PacBio reads were simulated using PBSim [11] with error rates and read lengths roughly matched to the statistics observed in a recent benchmark of long read correction methods [3] unless otherwise indicated.

PacBio reads were simulated using PBSim with the CLR model and the following parameter settings: depth 10, mean length 9000, length std 6000, minimum length 100, maximum length 40000, mean accuracy 0.87, accuracy std 0.02, minimum accuracy 0.85, maximum accuracy 1, and difference ratio 10:48:19.

ONT reads were simulated using NanoSim [18] with default parameters and the human pre-trained model for Guppy base calls.

To evaluate mapping correctness for the PacBio simulated data we used the mapeval utility of paftools packaged with minimap2. In this tool, reads are considered correctly mapped if the overlap between the read alignment and the true read location is ≥ 10% of the combined length of the true read and aligned read interval. This criterion was also used in [6].

### S3 Bacterial species used

We chose a single representative assembly of each strain from [12] with the fewest, longest and most highly covered contigs and concatenated all references into a single fasta file. Reads from the same samples were downloaded. Assemblies and reads from following samples were used:

bc1019, Bacillus cereus 971 (ATCC 14579)

bc1059, Bacillus subtilis W23

bc1101, Burkholderia cepacia (ATCC 25416)

bc1102, Enterococcus faecalis OG1RF (ATCC 47077D-5)

bc1111, Escherichia coli K12

bc1087, Escherichia coli W (ATCC 9637)

bc1018, Helicobacter pylori J99 (ATCC 700824)

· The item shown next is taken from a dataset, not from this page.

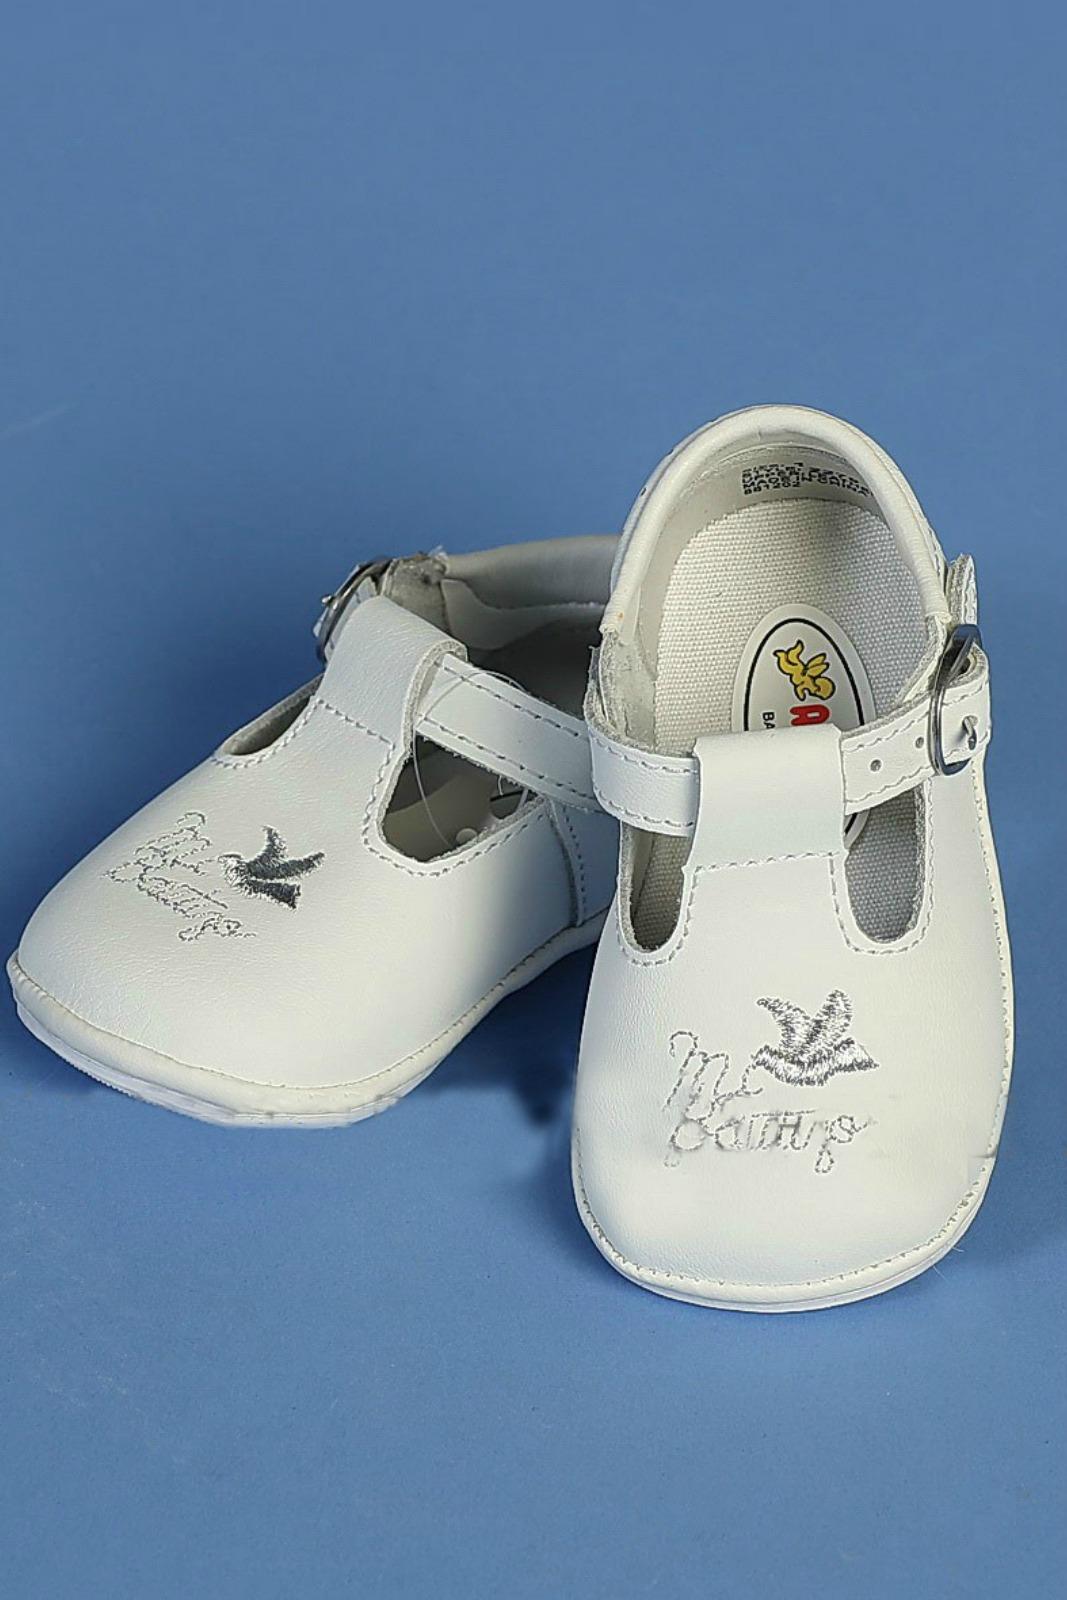 Girls christening shoes flower girl dresses flower girl dress girls shoe style sh2279 classic mi bautizo t strap shoes izmirmasajfo

bc1077, Klebsiella pneumoniae (ATCC BAA-2146)

bc1082, Listeria monocytogenes (ATCC 19117)

bc1043, Methanocorpusculum labreanum Z (ATCC 43576)

bc1047, Neisseria meningitidis FAM18 (ATCC 700532)

bc1054, Rhodopseudomonas palustris

bc1119, Staphylococcus aureus HPV (ATCC BAA-44)

bc1079, Staphylococcus aureus subsp. aureus (ATCC 25923)

bc1052, Treponema denticola A (ATCC 35405)

### S4 Properties of syncmer schemes on real genome sequences without mutation

The theoretical properties measured on real genomes (without mutation) are shown in Table S1.

### S5 Windowed syncmer scheme results

Tables S2 and S3 present the properties of windowed syncmer schemes on real genome sequences with and without mutation, respectively.

Figures S1 and S2 present the number of unmapped reads and wrongly mapped reads for simulated datasets. These correspond to Figures 5 and 7 and include the results for windowed variants. Figure S3 presents the impact of percent sequence identity on the windowed variants as well, corresponding to Figure 8.

Results on the real human and bacterial reads are presented in Figure S4, and the runtimes and RAM usage for these runs are in Figures S5 and S6. The runtime and memory usage on different tasks for the windowed variants is presented in Table S4.

### S6 Supplemental performance results

Figure S7 shows additional results for the number of unmapped reads at low, medium, and high compression rates.

## Acknowledgement

Study supported in part by the Israel Science Foundation (grant No. 3165/19, within the Israel Precision Medicine Partnership program, and grant No. 1339/18) and by Len Blavatnik and the Blavatnik Family foundation. DP was supported in part by a fellowship from the Edmond J. Safra Center for Bioinformatics at Tel-Aviv University.